Importantly, it is the switch fabric, as controlled by the translation tables, which provides for making routing decisions within the switch. The translation tables may updated from time-to-time in order to provide for new virtual paths/virtual circuits or to remove existing ones (this process is sometimes referred to as call set-up and tear-down). Thus, a VPI/VCI is supplied in the cell header at the input of the switch and the VPI/VCI is translated by the switch fabric and the cell is routed to the appropriate output port. However, generally, the device generating the cell has no knowledge of the specific output port on which switch will send the cell. Rather, this routing decision is made by the switch based on the then current translation tables.
As will be seen, the present invention provides for an ATM switch having preconfigured VPI/VCIs and allows for selection of an appropriate output path by the device generating the cell (i.e., the device generating the cell provides for the routing decision rather than the ATM switch.)
Network Concentrators
Network concentrators or hubs are well-known in the art. Two well-known examples of network concentrators are the SynOptics' LattisNet System 2000.TM. and LattisNet System 3000.TM. concentrators. The concentrators are better described in "LattisNet.RTM. Product Overview, A comprehensive Description of the Lattisnet Product Family" (the "LattisNet Product Brochure"), available from SynOptics Communications, Inc. of Santa Clara, Calif., the assignee of the present invention.

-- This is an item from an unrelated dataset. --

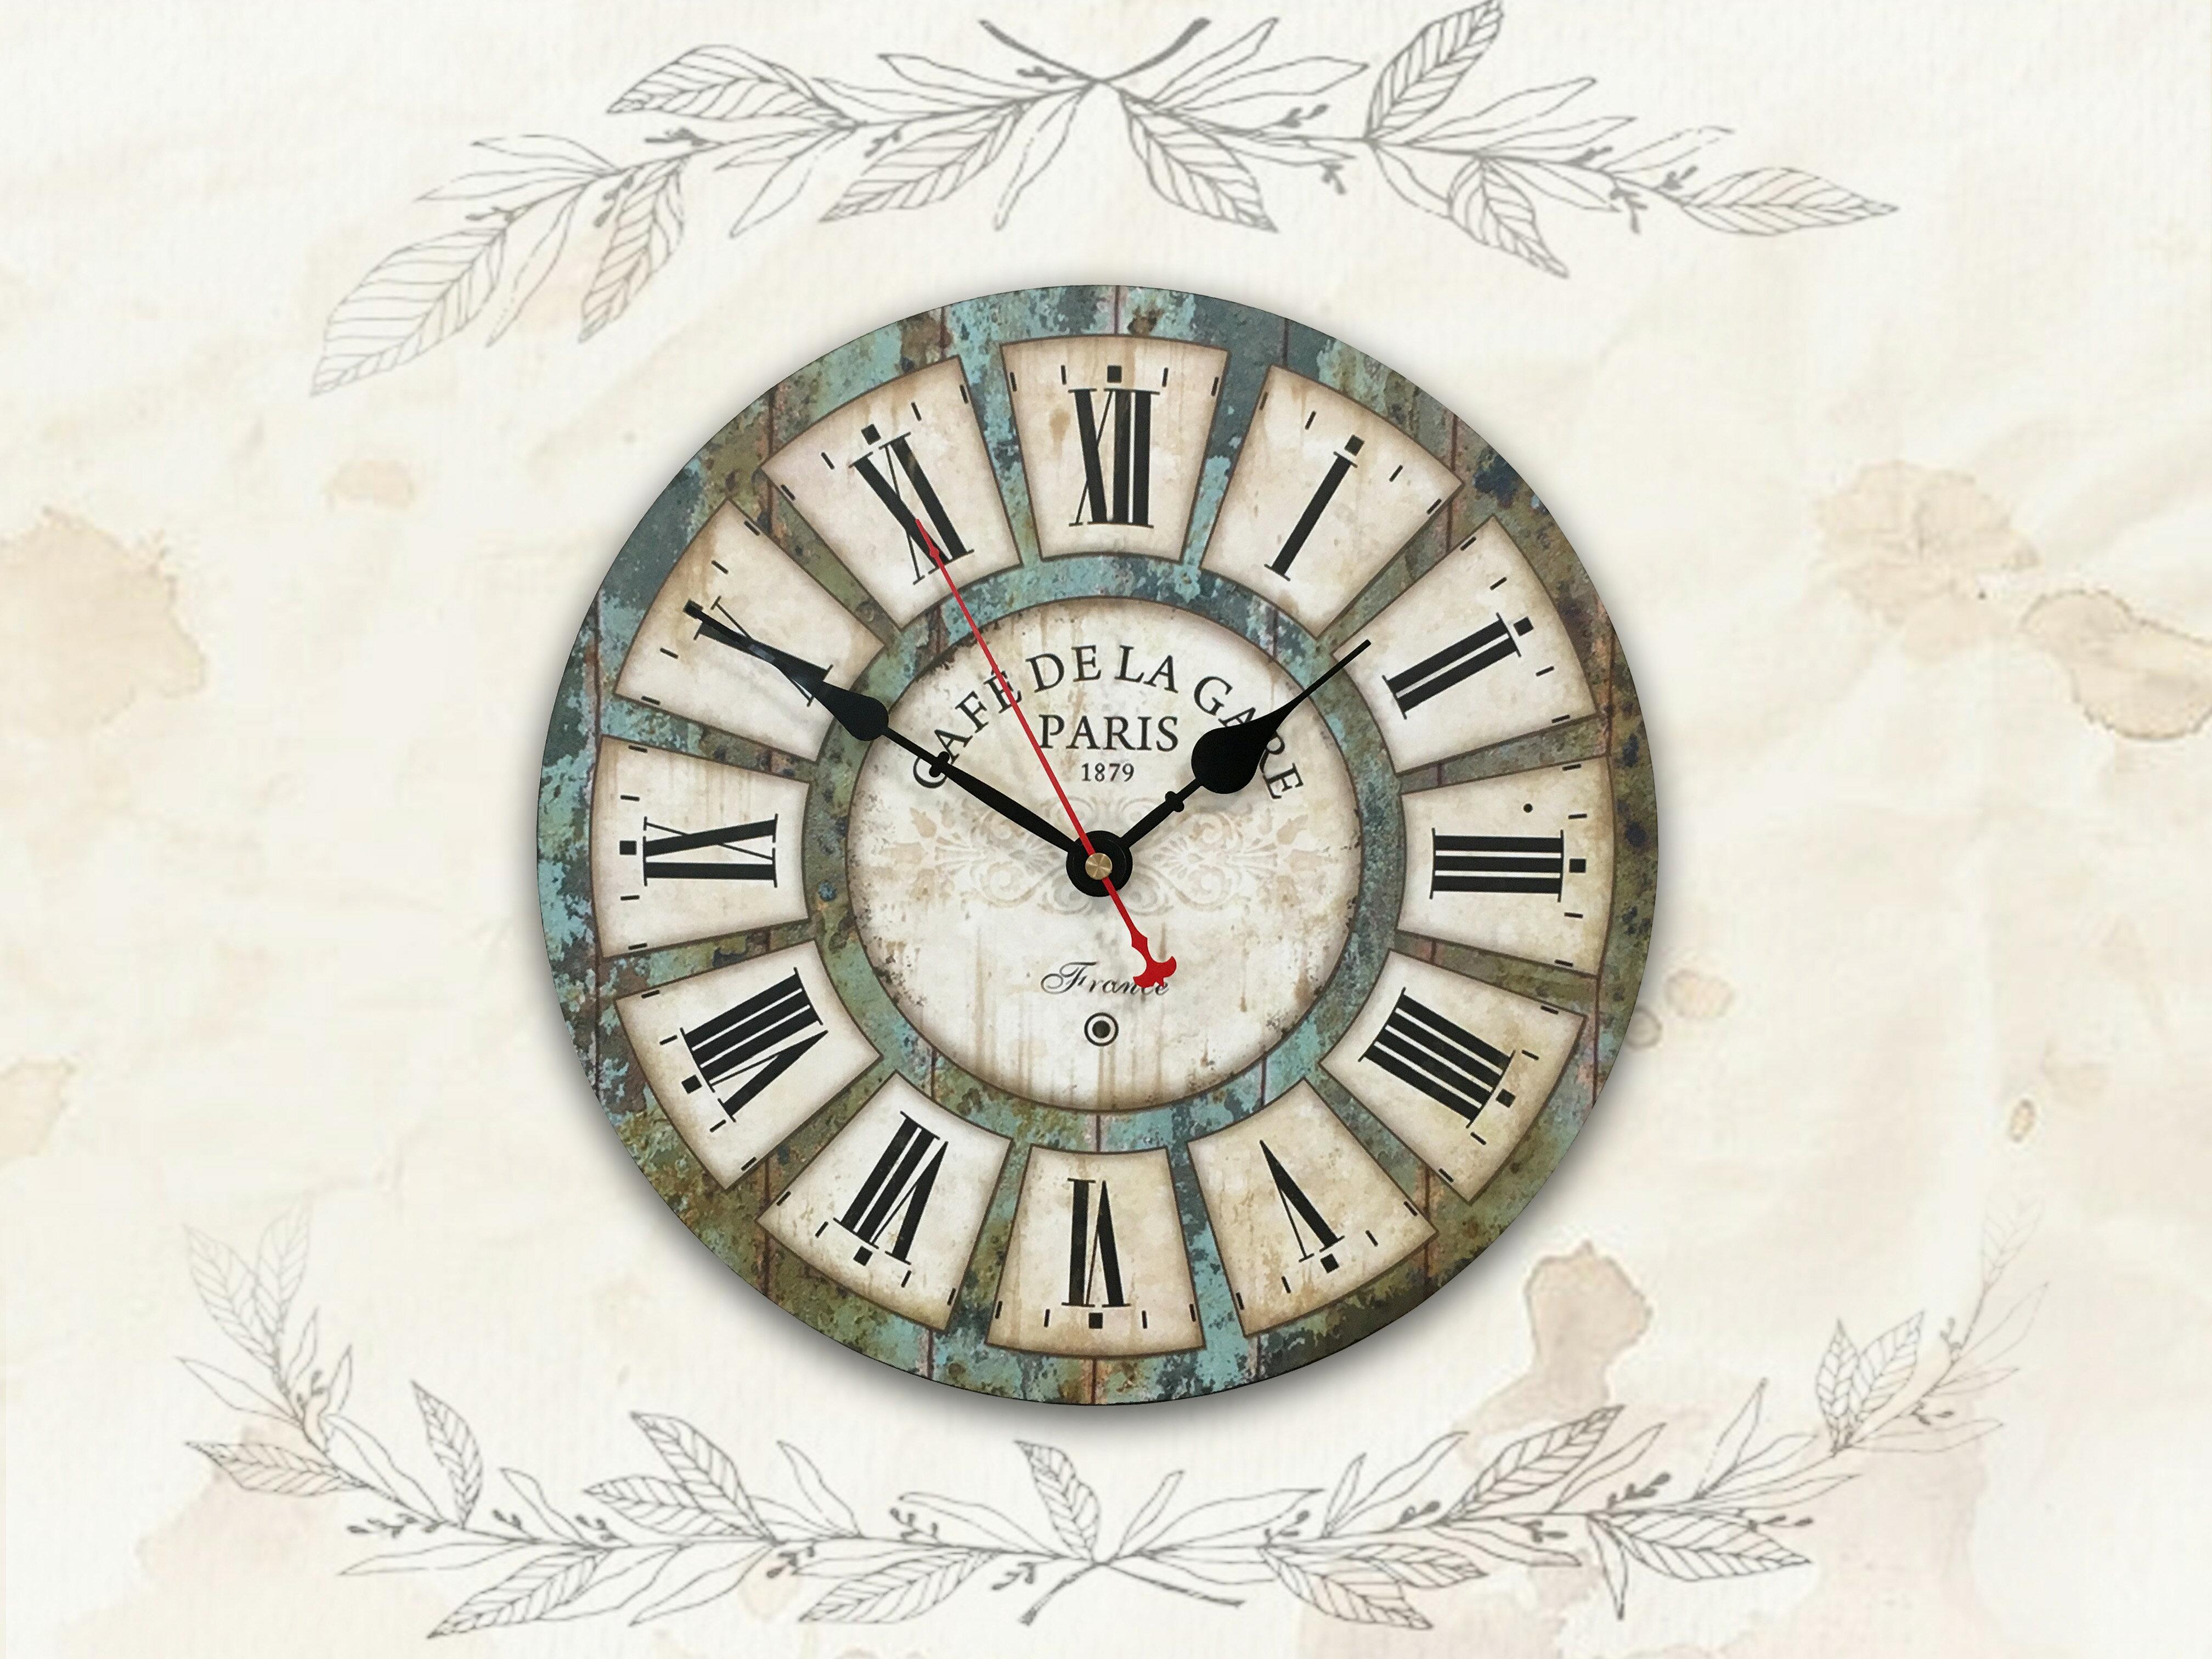 【新生活家具】木紋 羅馬數字 現代 工業 復古 美式 鄉村 靜音時鐘 掛鐘 壁鐘 時鐘《蓋瑞》非 H&D ikea 宜家

Network concentrators typically comprise a number modules, each module having a plurality of ports to which local area network segments may be connected. A local area network segment may support one or more devices such as data terminals, computers, file servers, printers, etc. The various modules are interconnected through a backplane bus or the like in the concentrator module. Thus, a device attached to module 1 may communicate an information packet to the devices attached to the other modules by providing communicating the packet onto the local area network segment connected with module 1 and, module 1, when it receives the packet, communicating the packet onto the backplane bus. The other modules may then receive the packet from the backplane bus and communicate the packet to the devices coupled with network segments connected to the other modules. The various modules may support, for example, Ethernet (or other CSMA/CD protocol), Token Ring and/or FDDI networks.
Objects of the Invention
It is an object of the present invention to utilize an ATM switch as a routing backplane in a network concentrator to provide for relatively fast routing of information packets between LAN segments coup led to the network concentrator.
This and other objects of the present invention will be understood with reference to the detailed description of the preferred embodiment and the accompanying drawings.